Although various regulatory and professional bodies—such as the Druggists and Chemists Association, the Village Doctors Association, and the Pharmacy Owners Association—exist on paper, they function merely as signboard-only organizations. Barring a handful of registered pharmacists and diploma-holding physicians, the vast majority of these medicine shops operate completely outside the purview of the law, sustaining a chaotic, commission-based market.

It is learned that out of around 23,000 registered medicines in the country, the government directly regulates the quality, testing, and pricing of only 117 items. Drug manufacturing companies completely control the pricing of the remaining vast majority of medicines, leading to sudden and erratic price hikes in the retail market. Furthermore, a move is currently underway to increase the prices of another 52 medicines. The market is also heavily saturated with controversial foreign medicines and imported products labeled as "food supplements," whose quality remains highly questionable.

Sources from local private hospital medical boards revealed that laboratory tests funded by the World Bank on various locally manufactured energy and cold drinks have previously exposed alarming results, showing excessive and hazardous levels of sodium benzoate.

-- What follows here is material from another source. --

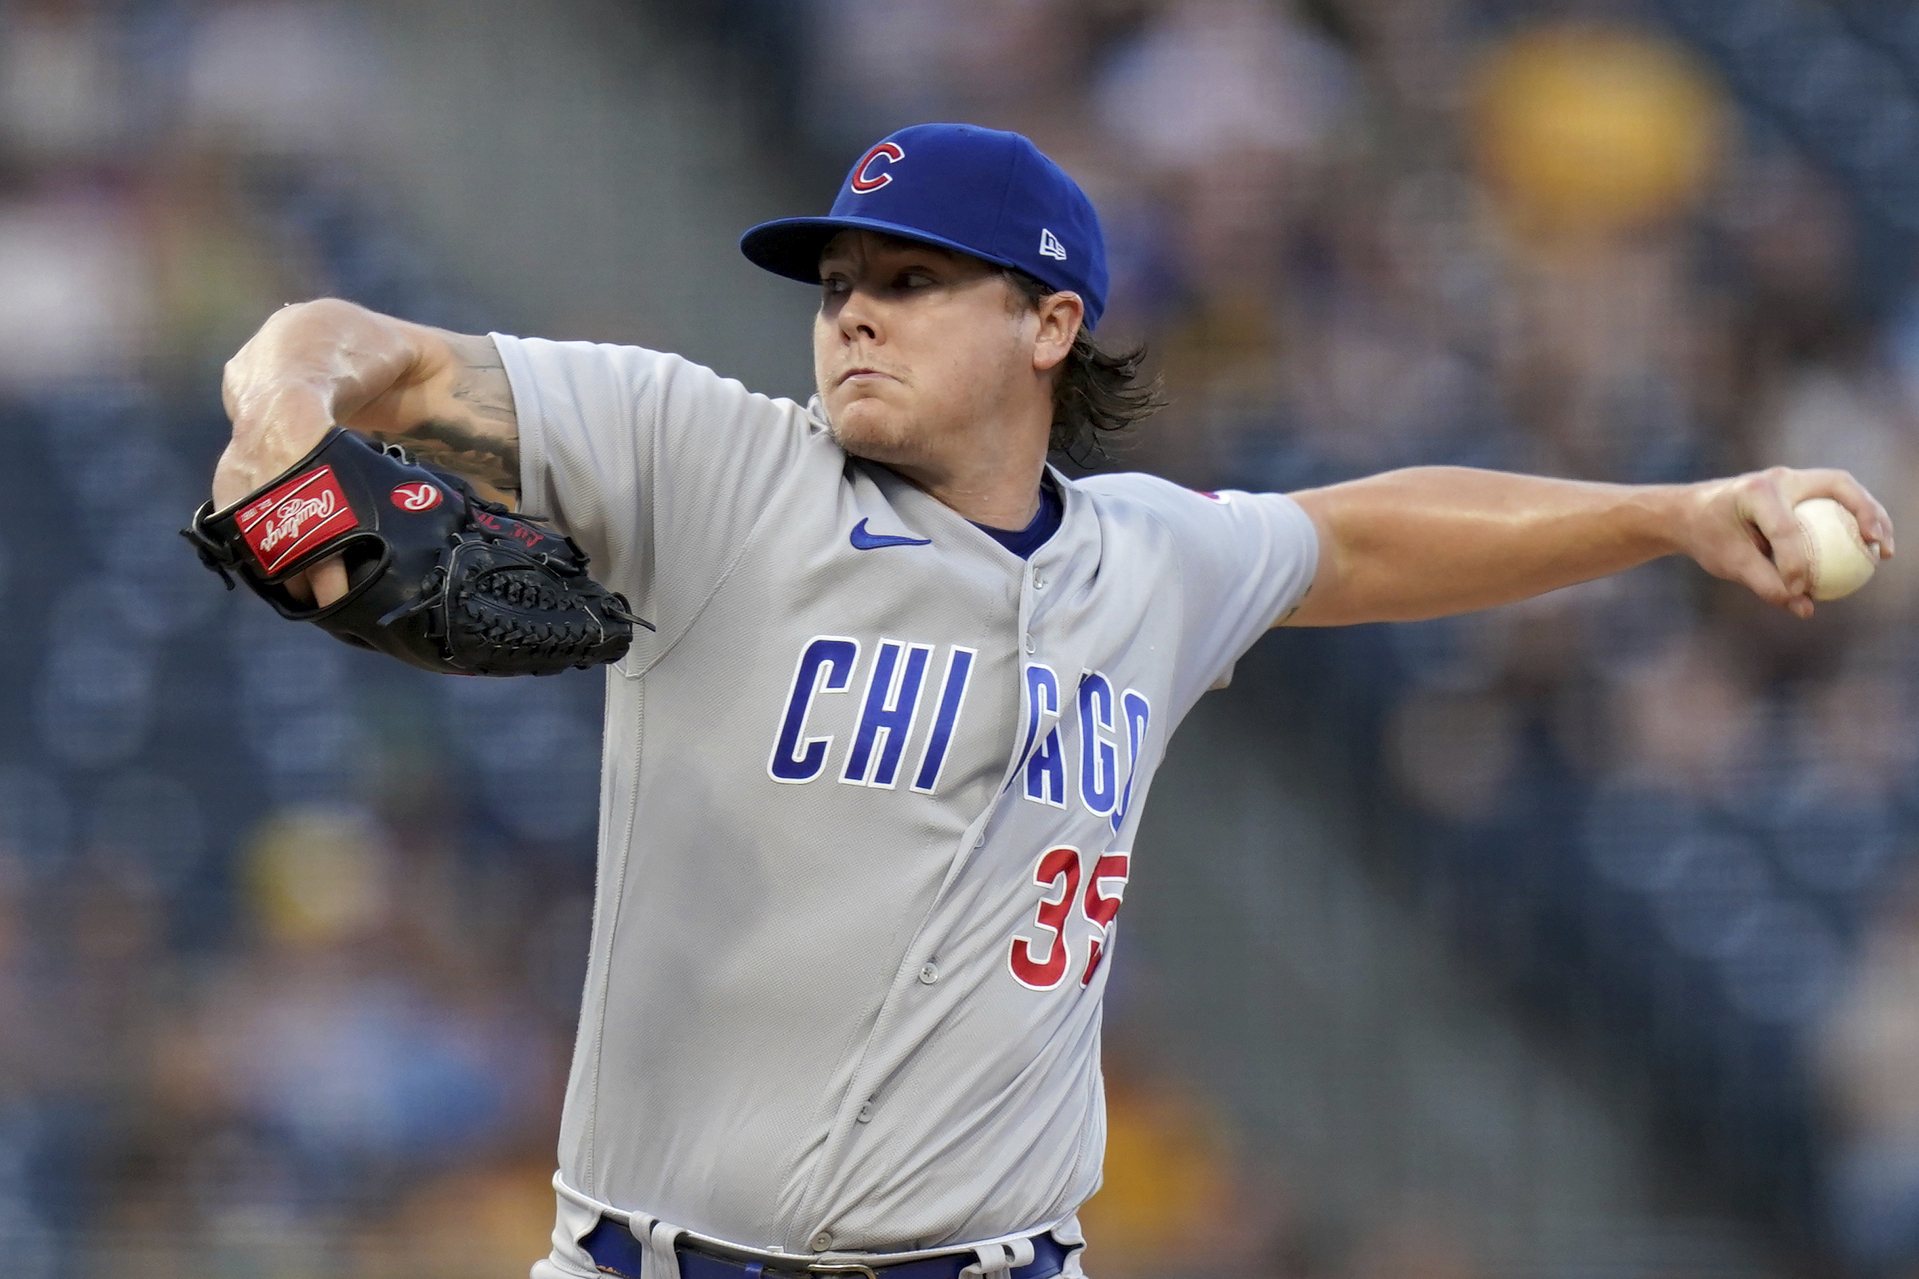 Chicago Cubs: See what adjustments the team has made to their
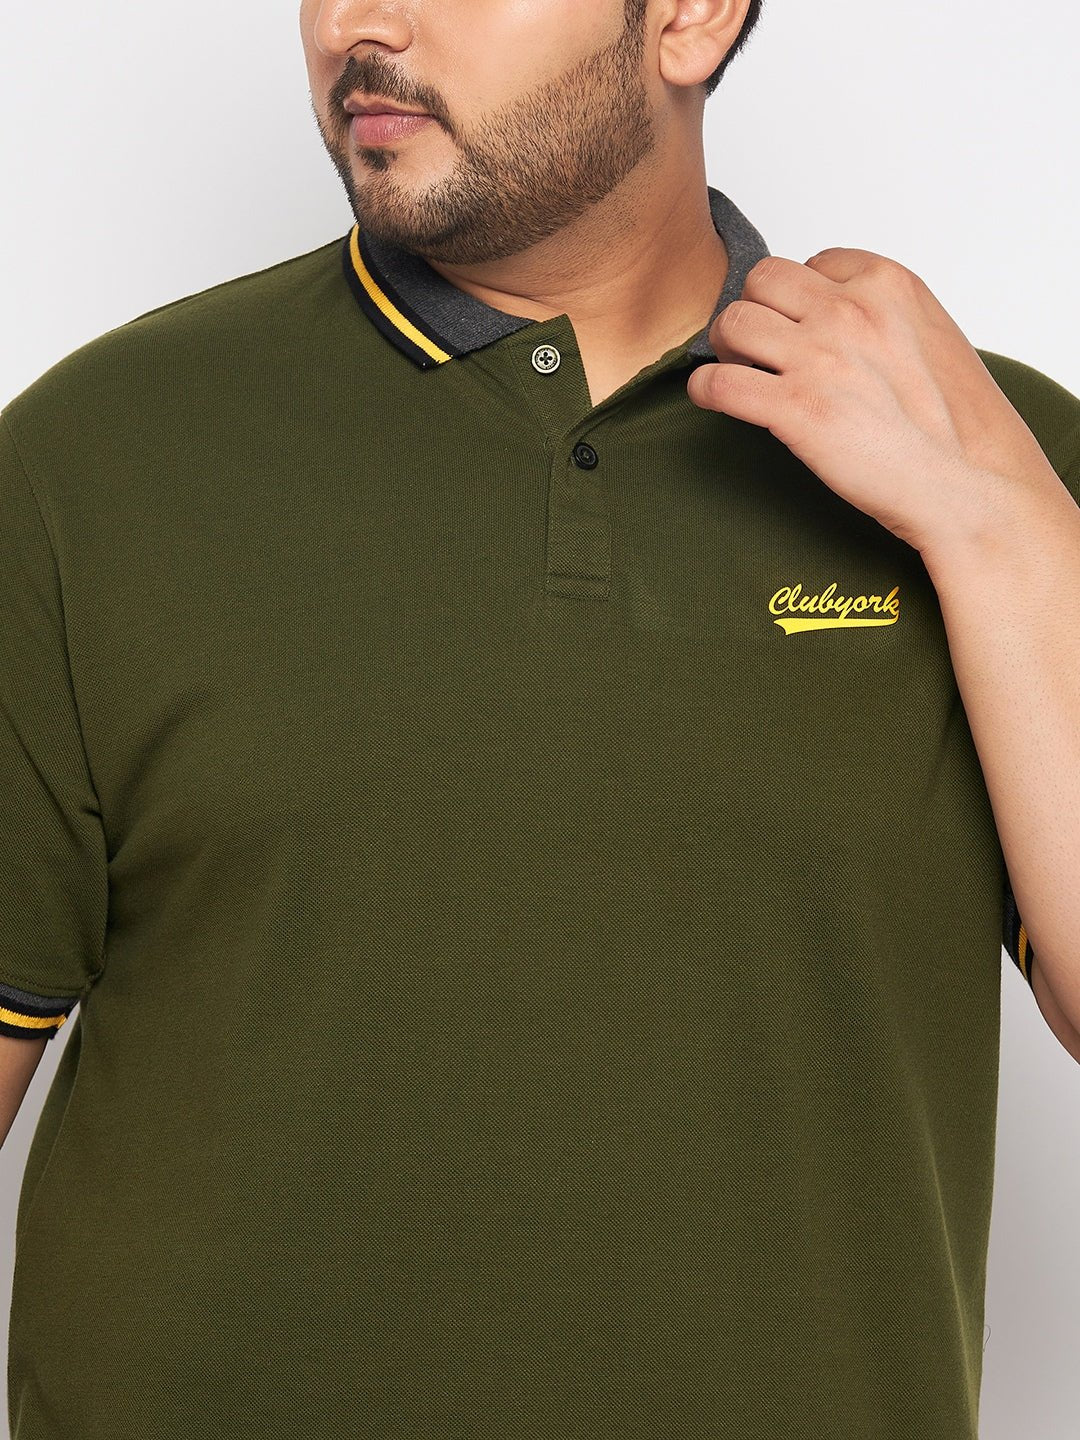 Plus Size Olive Polo T-Shirt - clubyork

Public grievances are mounting over a toxic "give-and-take" commission culture where pharmaceutical representatives offer hefty financial incentives to quack doctors, clinic owners, and pharmacy operators to push these substandard and adulterated products to unsuspecting patients.

While the local administration occasionally conducts sporadic market monitoring and mobile court drives, the Directorate General of Drug Administration (DGDA) and the Health Department have reportedly turned a blind eye to the deep-rooted anarchy, failing to initiate any permanent systemic reforms or disciplinary actions against the syndicates.